Challenges and next steps
Despite the success, several challenges remain:
- Scalability and performance. Current public-chain throughput must handle institutional-grade transaction volumes.
- Privacy and data protection. Banks require confidential transfer mechanisms while maintaining regulatory visibility.
- Operational integration. Legacy core-banking systems must connect to token layers through robust APIs.
- Legal harmonisation. Cross-border recognition of tokenised deposits will demand coordinated regulation.
The next phase will expand participation to additional Swiss banks and explore integration with SDX infrastructure. The SBA’s report, due in 2025, will outline technical standards and compliance recommendations.
What this means for the market
- For banks and fintech operators: This pilot proves that blockchain-based payments can be executed safely within a regulated environment. Financial institutions now face strategic choices: whether to invest early in interoperable systems or risk technological lag as settlement evolves toward tokenisation.
- For legal and compliance advisors: Clients will increasingly request guidance on tokenised-deposit frameworks, custody models, and regulatory classification. Advisors must understand FATF-aligned KYC/AML controls, smart-contract enforceability, and cross-jurisdiction settlement law.
- For investors: Tokenised-finance infrastructure is emerging as a high-growth niche within the broader RegTech and FinTech ecosystem. Projects enabling compliant, programmable money flows may offer strong long-term value as banks adopt blockchain rails for interbank settlement.
Legasset’s perspective
At Legasset, we view this milestone as proof that traditional banking and decentralised infrastructure are entering a new phase of practical integration. What was once an innovation narrative is now a compliance and execution reality for regulated institutions.
FAQ: Swiss Blockchain Interbank Payment and Deposit Token Innovation
What makes Switzerland’s blockchain-based interbank payment unique?
Unlike earlier private-ledger experiments, the Swiss pilot between UBS, PostFinance, and Sygnum used a public blockchain for a legally binding interbank payment. This means regulated banks transacted on open infrastructure—while maintaining compliance with Swiss banking law and FINMA oversight. It’s the first verified instance of tokenised deposits moving between multiple institutions on a shared public network.

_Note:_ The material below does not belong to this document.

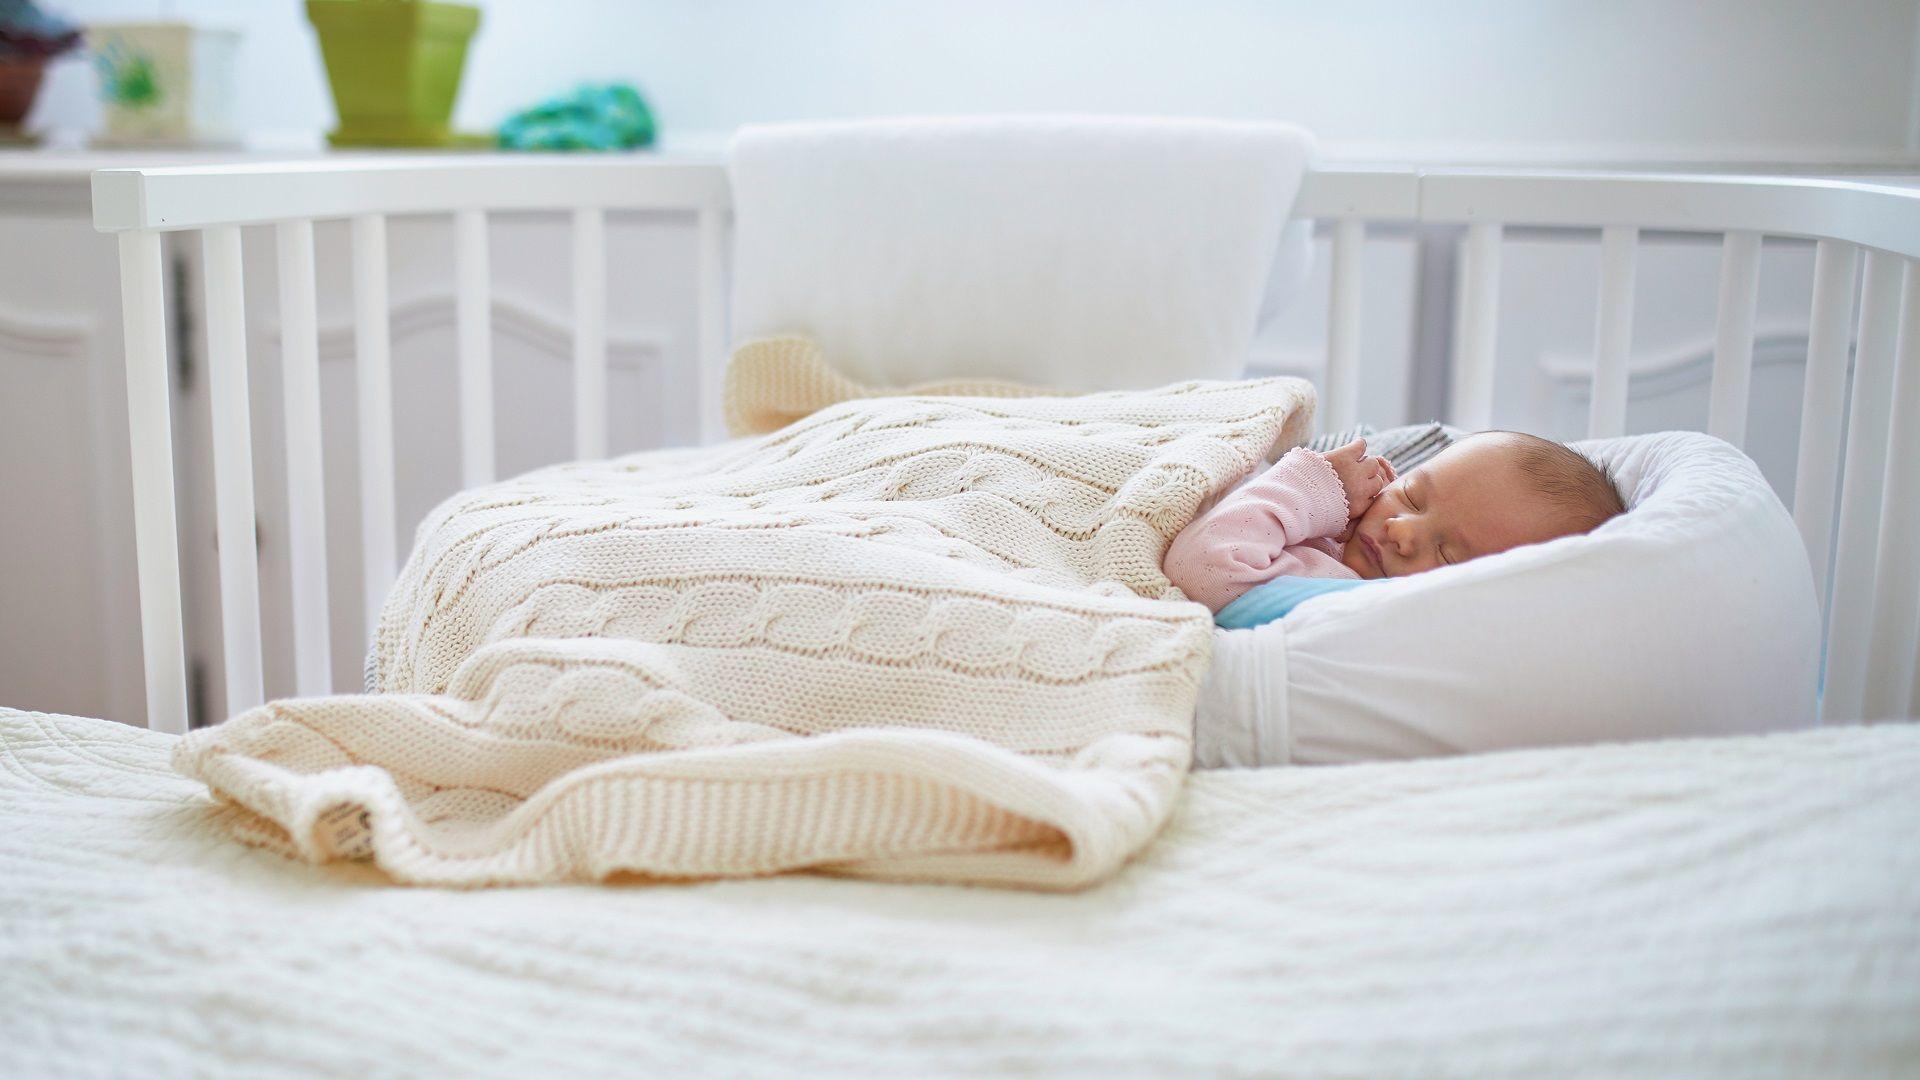 Samen slapen kan ook heel goed (én veilig) met je kleintje in een co-sleeper!

How do deposit tokens differ from stablecoins or CBDCs?
Deposit tokens represent claims on commercial bank deposits, backed 1:1 and subject to existing banking regulations. Stablecoins, by contrast, are issued by private entities and can face redemption and governance risks. CBDCs are central bank liabilities. Deposit tokens combine bank-grade trust with blockchain efficiency, making them a practical bridge between traditional money and digital assets.

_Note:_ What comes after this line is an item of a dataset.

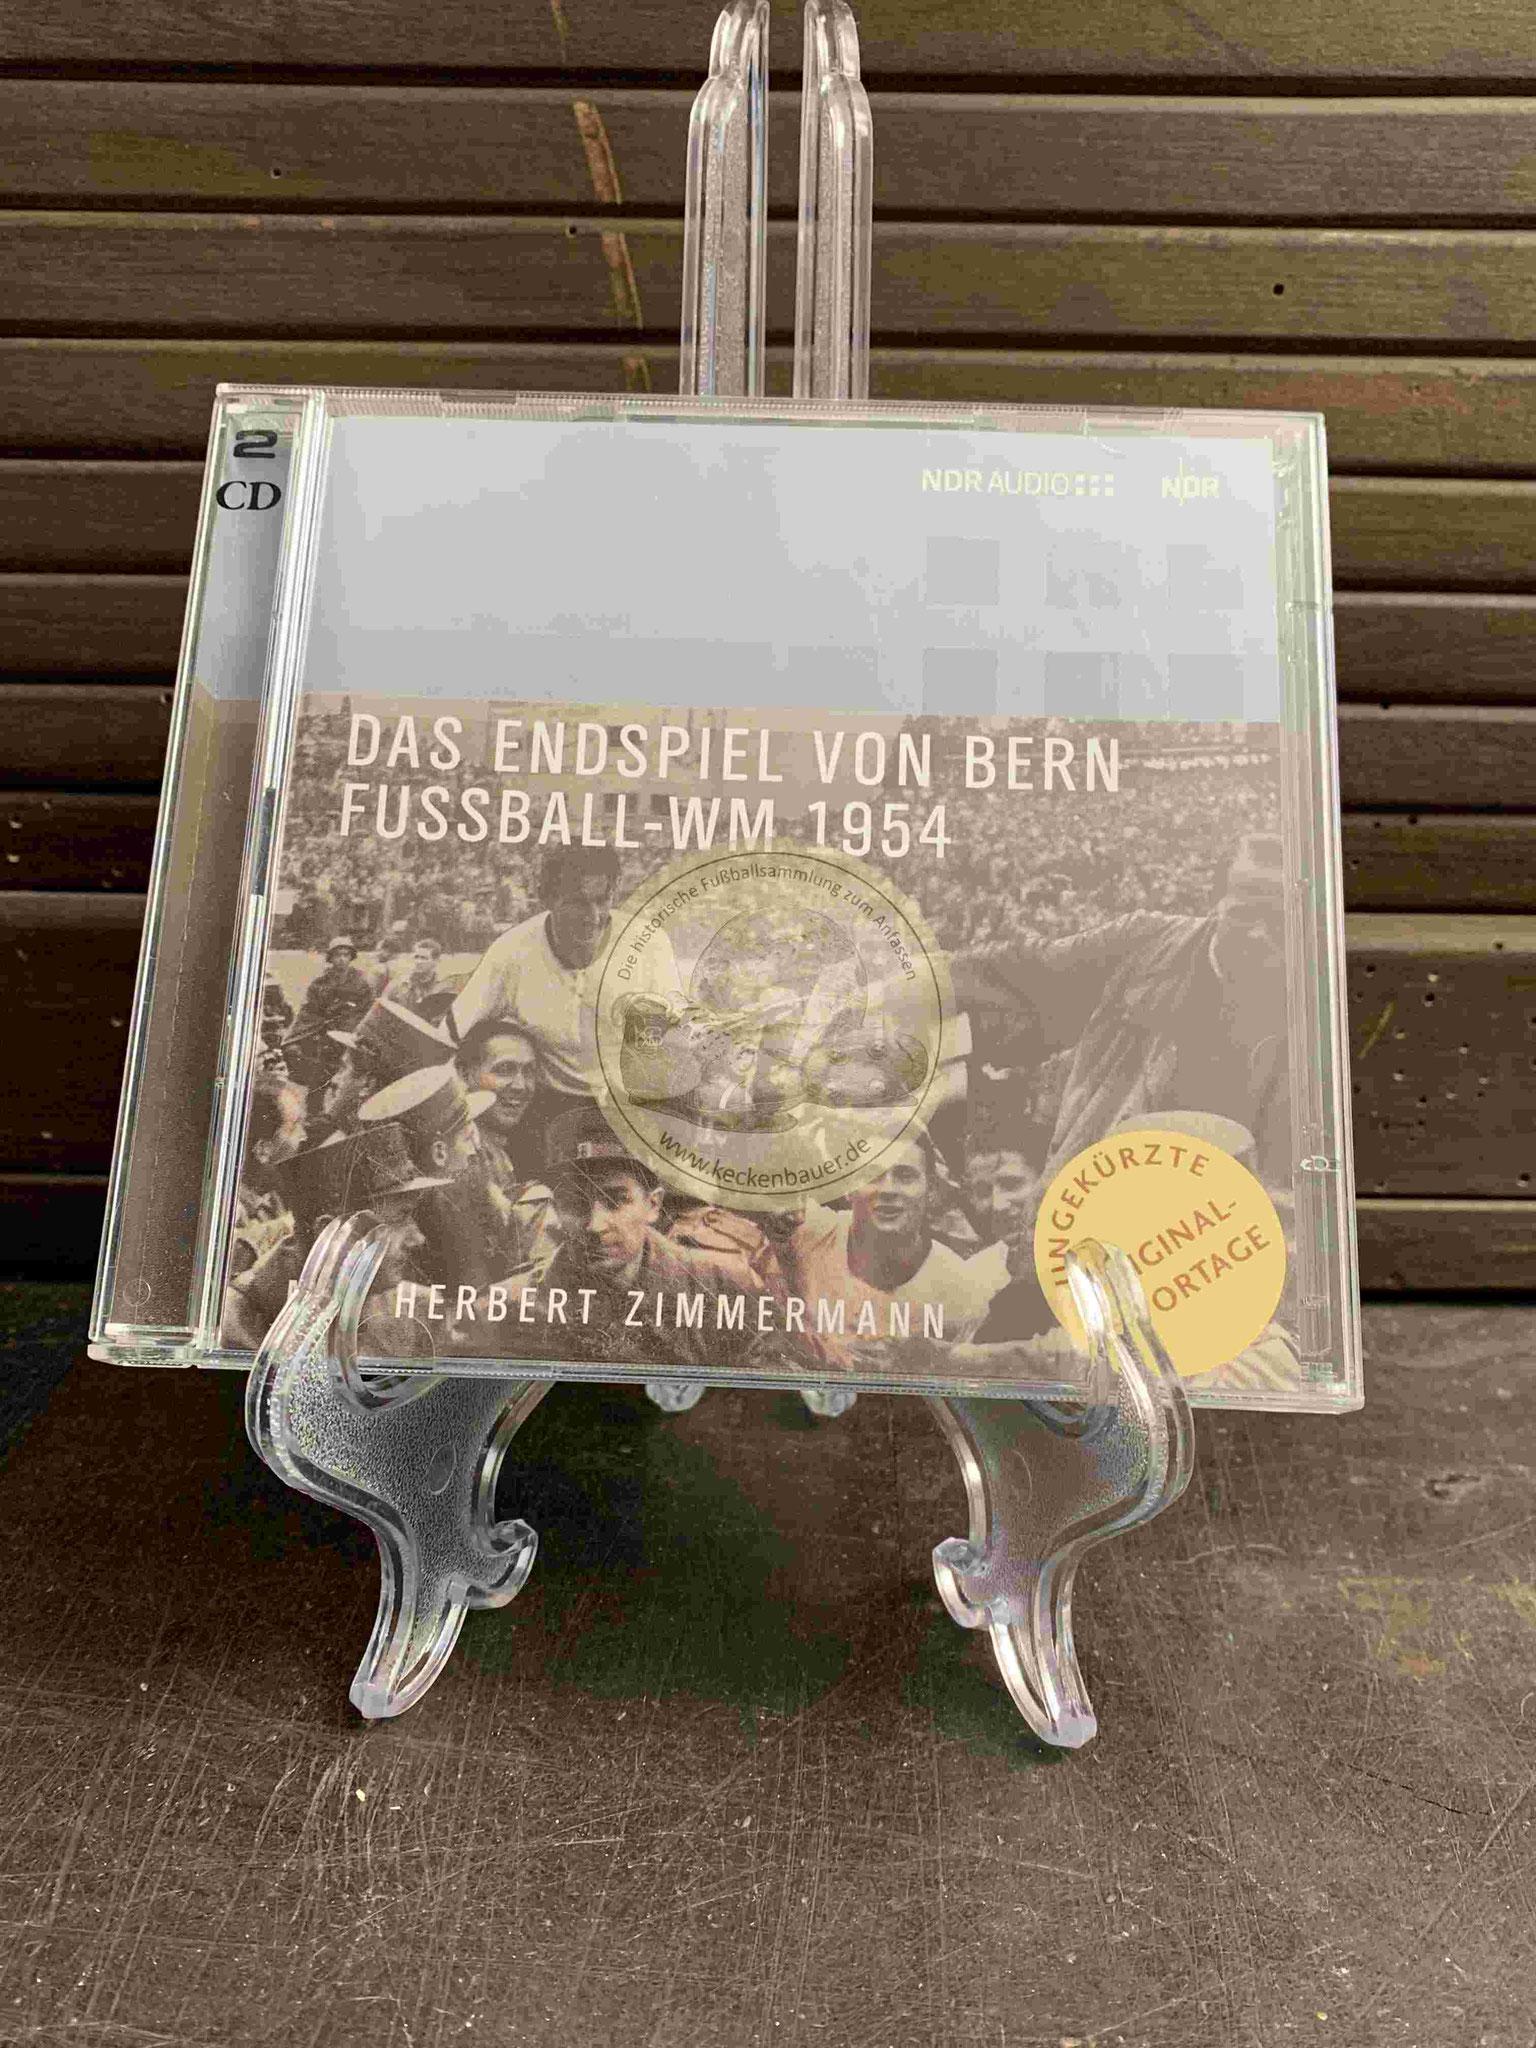 2004 Das Endspiel von Bern Fussball-WM 1954 Herbert Zimmermann

What benefits could blockchain interbank payments bring?
Tokenised payments can reduce settlement delays, lower operational costs, and enhance transparency through programmable smart contracts. By transacting on shared infrastructure, banks can streamline cross-institution transfers and build new financial products around real-time, on-chain settlement.
How soon could this model reach commercial scale?
The Swiss Bankers Association plans to publish detailed findings from its Deposit Token Feasibility Study in 2025. If scalability, privacy, and legal harmonisation challenges are addressed, a national blockchain-based payment layer could emerge within the next few years—potentially making Switzerland the first country to integrate tokenised deposits into its core banking system.